DDY GAR’INDA KEBAPÇI VARDI

Eski petrol mühendislerinden Hasan Hüseyin Ural, 1949 yılında Maymune Boğazı’ndaki küçük rafineride çalışmaya giderken konuk olduğu DDY Batman Garı’nı şöyle anlatıyor: “O dönemler İluh köyü diye bilinen Batman’da 13 evden 7’si kerpiç, 6’sı mağara olarak toprağa kazılmıştı. Enteresan olan evlerde kapı ve pencere yoktu. Sadece perde vardı, elektrik de yoktu. DDY Garı’nın hemen arkasında duvarları olmayan, direkler üzerine kurulmuş, üzeri sazlıklarla örtülü bir lokanta vardı. Bir de kebap ocağı. Trenden inen yolcular, mutlaka orada yemek yerdi. Sonra köylüler köyüne. Maden Teknik Arama elemanları da gönderilen arabalarla kamplara giderlerdi.

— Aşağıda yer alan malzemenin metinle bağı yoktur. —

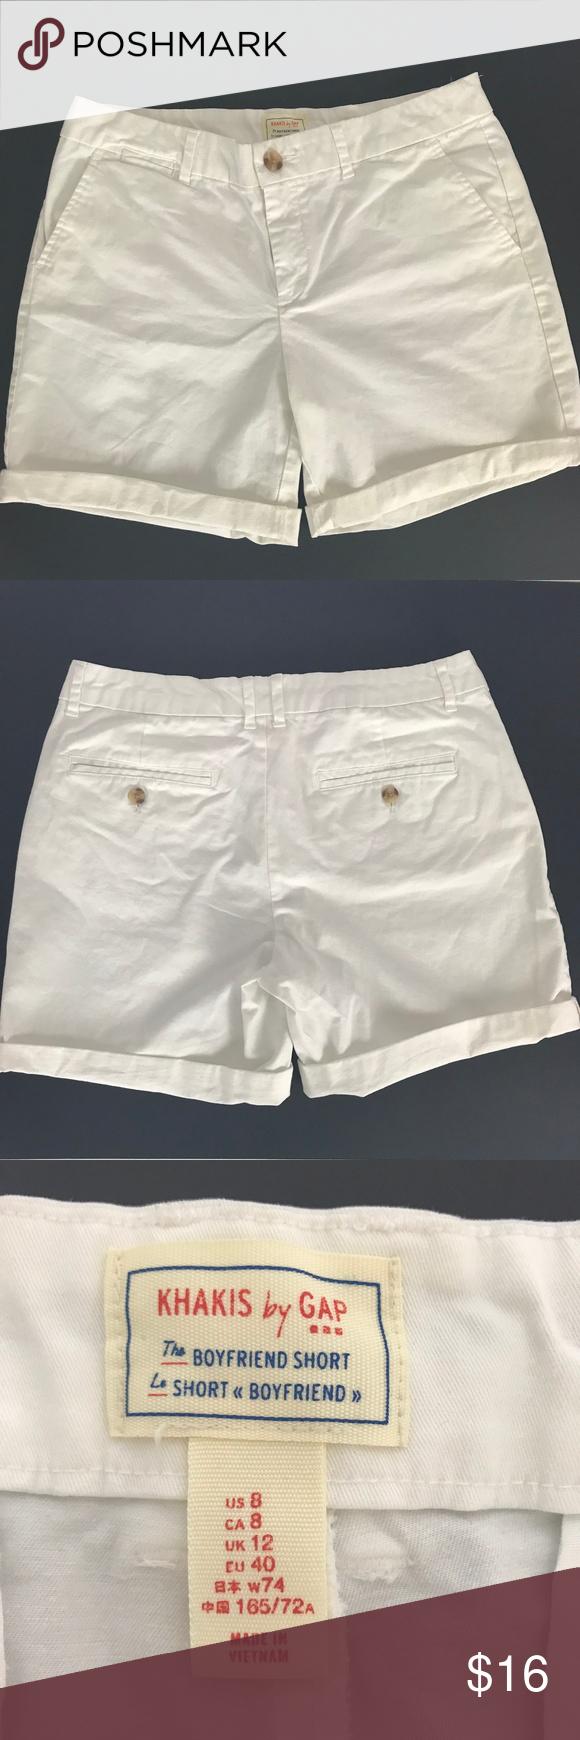 552460f756 Gap Womens Shorts Size 8 Boyfriend Short White Khakis By Gap Size 8 White  Cotton and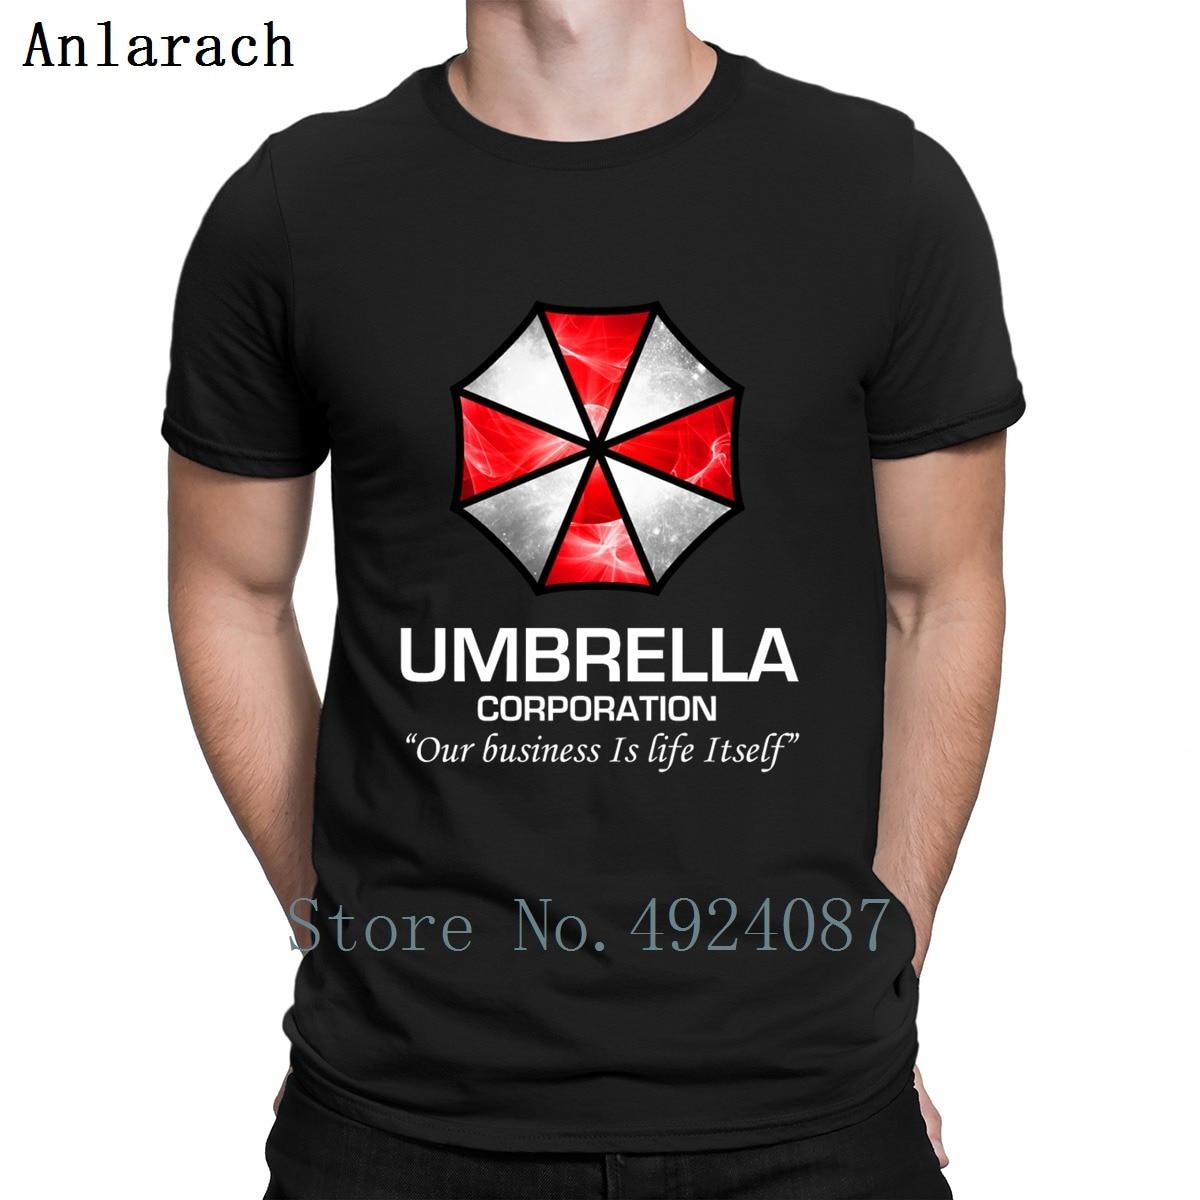 Umbrella Corporation Organic T Shirt Crazy Letter Creative Mens Tee Shirts Men Fashions Summer Style Fitness Clothing

Gar’daki kebap ocağındaki kebabın tadına doyum olmazdı.”

TPAO’DA İLK BİNA MİSAFİRHANE İDİ

Eski petrolcü mühendislerinden Necdet Aksan da 1955 yılında ‘Belde’ olan Batman’ın bir yol üzerinde sağlı-sollu 14 işyerinin olduğunu söylüyor.  Aksan, TPAO tesisleri içinde ilk binanın ‘1 nolu Misafirhane’ olduğunu hatırlatıyor. Aksan, hatırlatıyor: “O zamanlar petrol uzmanları yani teknik personel Raman, Garzan ve Reşan kamplarında yaşıyordu. Batman henüz ilçe olmamıştı ama rafinerinin kurulmasıyla kentin ilk adımları atılıyordu. Site’deki lojmanların yapımı hızla sürüyordu. 1 nolu Misafirhane ilk yapılan binaydı. Petrol’ün başındaki üst düzey yöneticiler, misafirhanede kalıyordu.” O ilk misafirhanede eski Cumhurbaşkanları, Başbakanlar ve Bakanlar da ağırlanmıştı

İLK PETROLCÜLER BARAKA EVLER’DEYDİ

TPAO Batman Bölge Müdürlüğü tesislerinin bulunduğu Site Mahallesi öncesinde, petrolcüler Raman, Garzan ve Reşan kamplarının bulunduğu yerleşke alanında kalırdı. DDY Batman Gar’ına yakın mesafede Rafineriyi inşa eden ABD Parsons firması, ABD’li personel için ‘Baraka Ev’ler kurmuştu. O dönemlerin petrolcüleri kendi aralarında konuşurlardı; “Bir an önce şu Amerikalılar gitse de o evlere biz taşınabilsek.” Küçük barakalara yeni gelinlerin geldiğini de hatırlatan Suat Çalışlar; “Baraklarda sıcak su, elektrik, banyo ve kısa dalga radyo vardı. Herkesin hayali baraka evlere yerleşmekti” diyor.

RAMAN’DA FİLM MAKİNESİ VARDI

Eski gazetecilerden Teoman Erel’in  babası Raşit Erel, TPAO’da Kamp İdare Amiri idi. Erel 1955’li yıllarda Batman Rafinerisi’ne ait sinema film makinesinin olduğunu anımsatıyor: “Raman’da önce haftada 2, daha sonra haftada 3 kez sinema günleri vardı. Bir kamyonetin içinde rafineriye ait film makinesi gelirdi, perde açılır ve sinema seyredilirdi. Bu sinema gecelerinde kampta herkesin yanı sıra yakın köylerden gelenler film seyrederlerdi. Sinema geceleri iple çekilirdi. Raman Dağı’nda oturanlar sondör ve baş sondörlerdi. Alış-veriş, adli işler, mektup, telgraf ve telefon için ise Beşiri ilçesine gidilirdi.”